In fact, it may not hurt to assemble the reads that has big part got clipped by bwa men alignment. By doing assembly, it helps to reduce the redundant sequences. In this case, the contig should contain the regions of structure variations and their flanking regions. You might still need to use the MUM alignment approach above to generate a call set.

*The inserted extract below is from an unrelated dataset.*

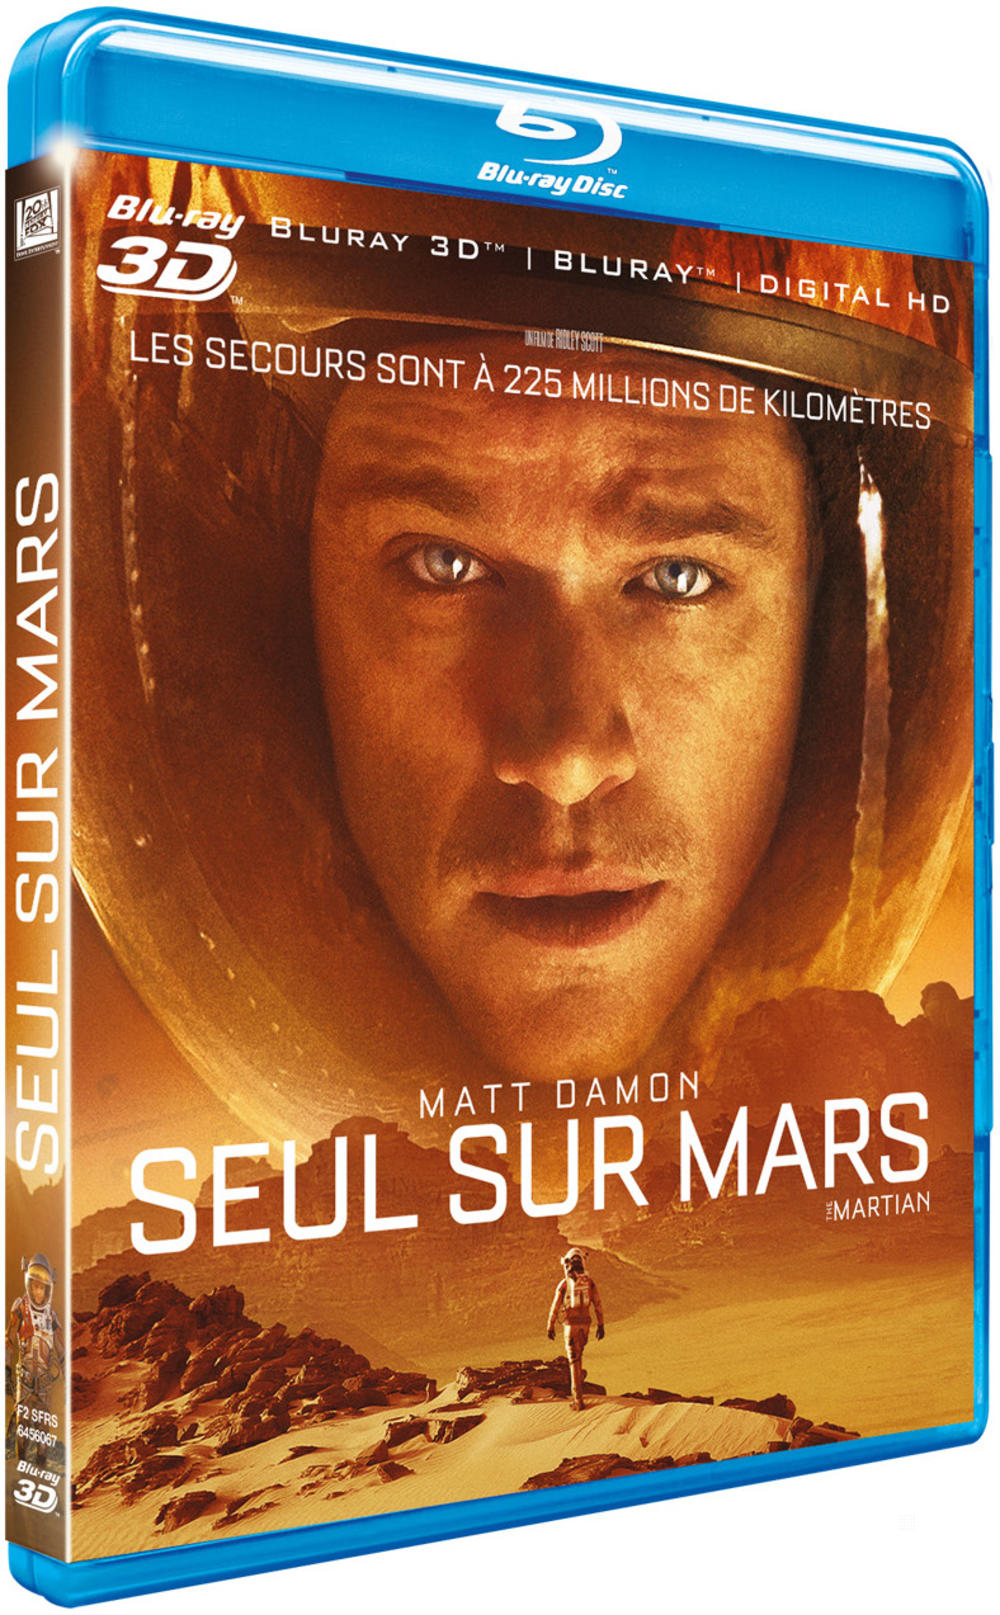 Seul sur Mars - Blu-ray 3D + Blu-ray 2D + Digital HD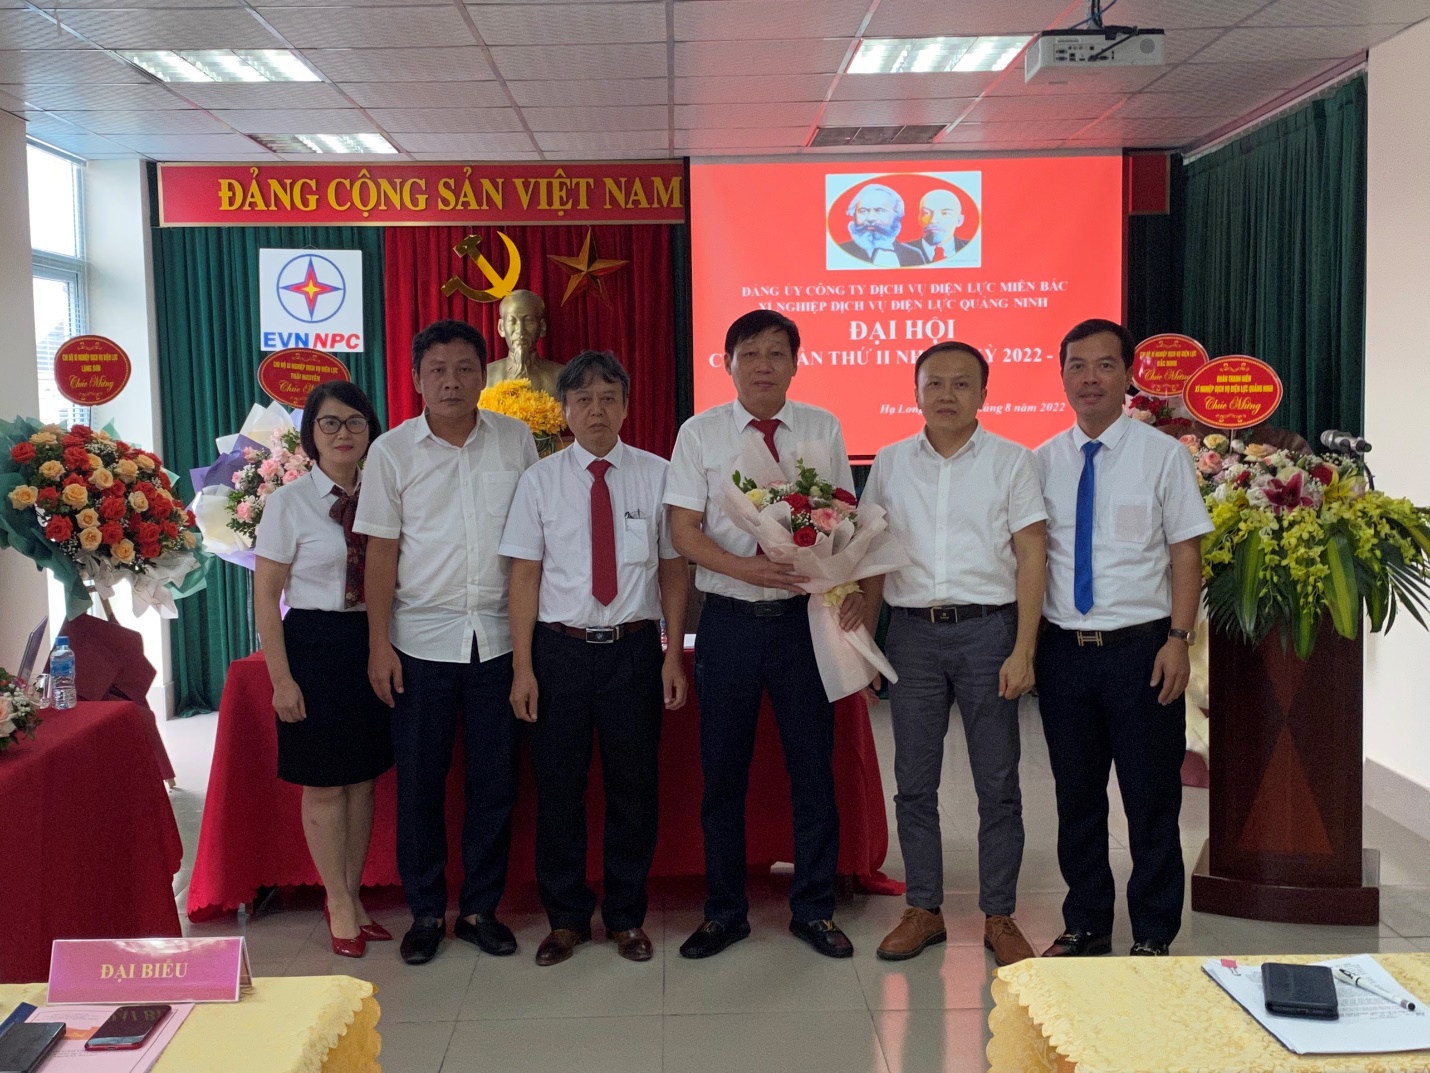 Xí nghiệp Dịch vụ Điện lực Quảng Ninh tổ chức Đại hội chi bộ lần thứ II nhiệm kỳ 2022-2025.

Detect Structure Variation from Raw PacBio Reads without whole genome error correction

Whole genome error correction can be still expansive to compute. Another strategy, like using the p-reads along, is to find all raw reads that does not align fully to the references. We can generate a set of such reads. You can then use FALCON to do error correction and assembly of those reads. After that, you can call SVs by align those contigs to the reference.